The Consumer Products Safety Commission (CPSC) and the Department of Housing and Urban Development (HUD) have issued an interim guidance document on the best approach to identifying problem (a.k.a. Chinese) drywall.  The document states that the guidance is based primarily on the presence of metal corrosion in homes.

Prerequisite (must meet both criteria) to warrant further consideration:

Visual inspection must show:

  1. Blackening of copper electrical wiring and/or air conditioning evaporator coils, and
  2. Drywall must have been installed between 2001 and 2008

Additional corroborating evidence (must have at least 2 of the following conditions for drywall installed between 2005-2008 and at least 4 conditions for drywall installed between 2001-2004):

  1. Corrosive conditions in home, as evident by the formation of copper sulfide on copper metal test strips placed in the home for 14-30 days, or the confirmation of sulfur in the blackening of grounding wires or condensation coils.
  2. Confirmed markings of Chinese origin for drywall in the home.
  3. Strontium levels in drywall samples greater than 1200 ppm.
  4. Elemental sulfur levels in drywall samples exceeding 100 ppm.
  5. Elevated levels of hydrogen sulfide, carbonyl sulfide and/or carbon disulfide emitted from drywall samples tested using ASTM Standard Method D5504-08.
  6. Corrosion of copper metal to form copper sulfide when copper is placed in test chambers with drywall samples collected from the home.

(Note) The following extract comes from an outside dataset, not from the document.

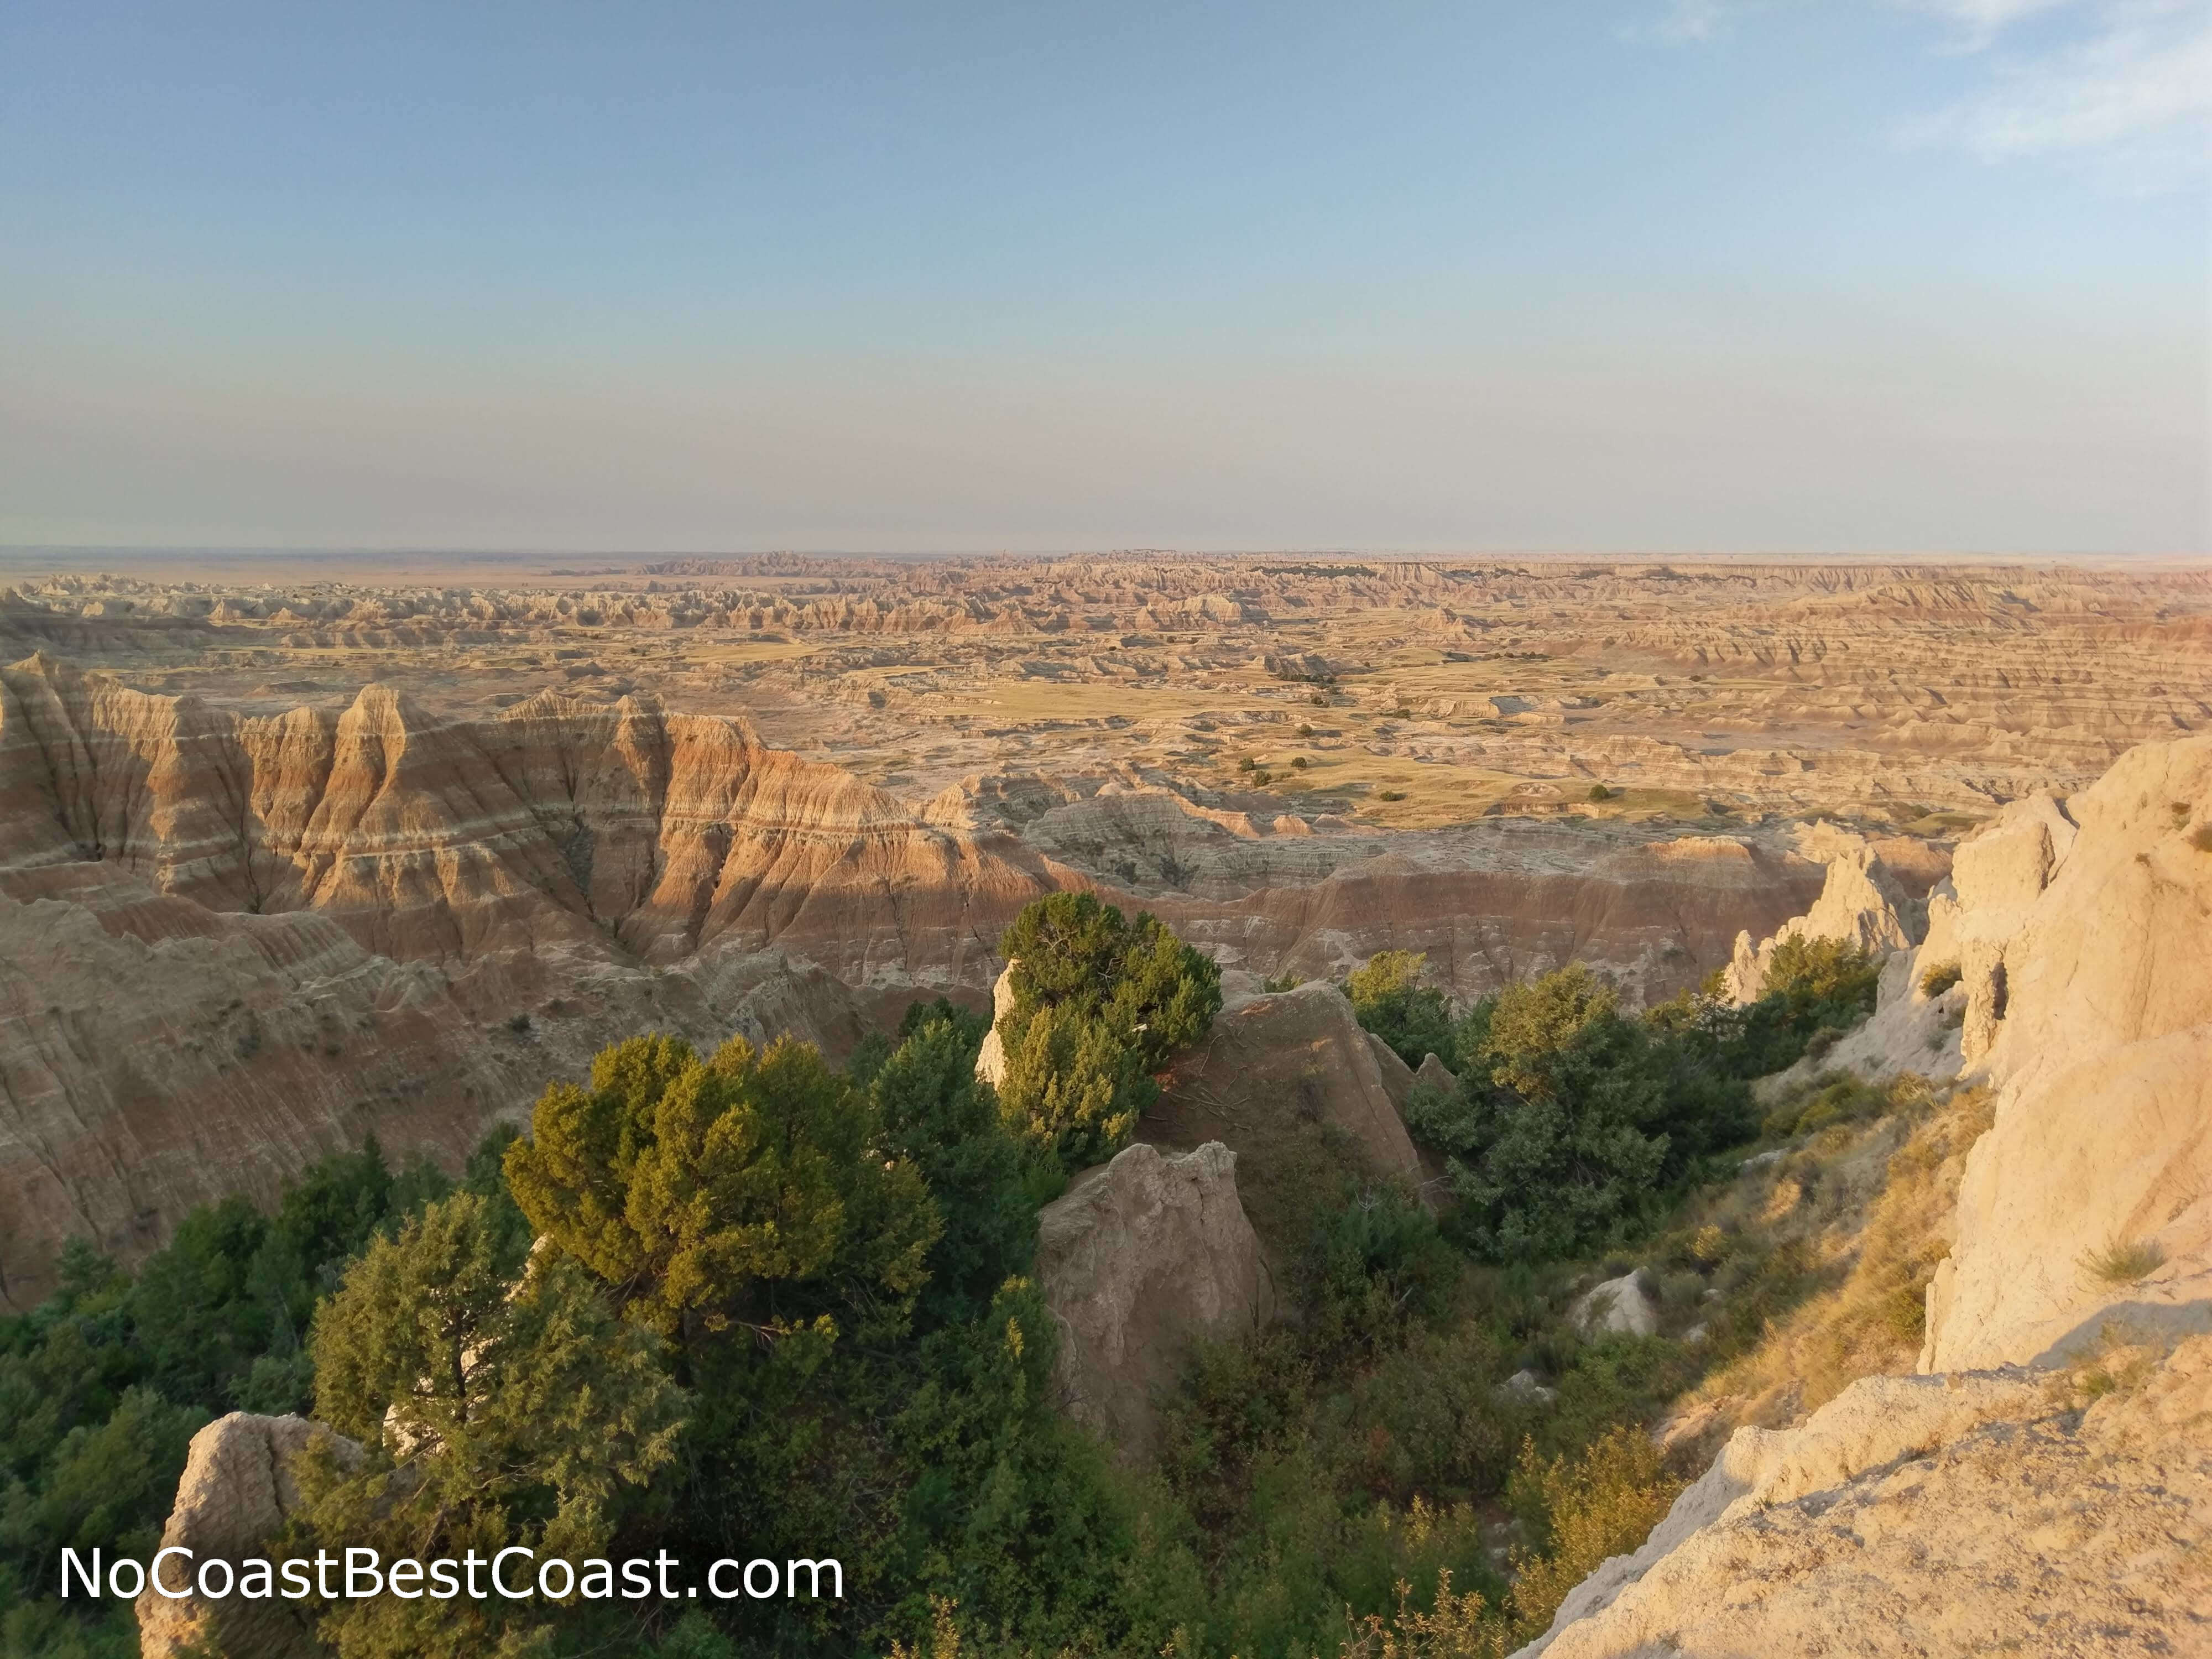 Trees and greenery growing in the shade of the badlands

A copy of the document can be found HERE

CPSC, EPA, HUD, CDC, and ATSDR Release Initial Chinese Drywall Studies

made-in-china

The interagency task force on Chinese drywall is releasing today the initial results of several studies that begin to assemble pieces in the overall Chinese drywall puzzle. The investigation continues and
additional reports will be released in November.

In sum, the three studies released today are:

  • Elemental and Chemical Testing: The study of the elemental and chemical composition of 17 drywall samples shows higher concentrations of elemental sulfur and strontium in Chinese drywall than in non-Chinese drywall.
  • Chamber Studies: Preliminary results of ongoing testing to detect gases emitted from drywall
    in laboratory chambers show higher emissions of total volatile sulfur gases from Chinese than
    from non-Chinese drywall.
  • Indoor Air Studies: Indoor air testing of 10 homes in Florida and Louisiana was conducted to
    identify and measure contaminants and to inform a drywall home indoor air testing protocol.
    This data from a small sample of homes, allows preliminary observations of certain chemicals in
    the indoor air. The tests did not detect the presence or found only very limited or occasional
    indications of sulfur compounds of particular interest – hydrogen sulfide, carbon disulfide, and
    carbonyl sulfide. Concentrations of two known irritant compounds, acetaldehyde and
    formaldehyde, were detected in both homes with and without Chinese drywall, and at
    concentrations that could exacerbate conditions such as asthma in sensitive populations. The
    levels of formaldehyde were not unusual for new homes, however, and were higher when the
    homes were not air conditioned.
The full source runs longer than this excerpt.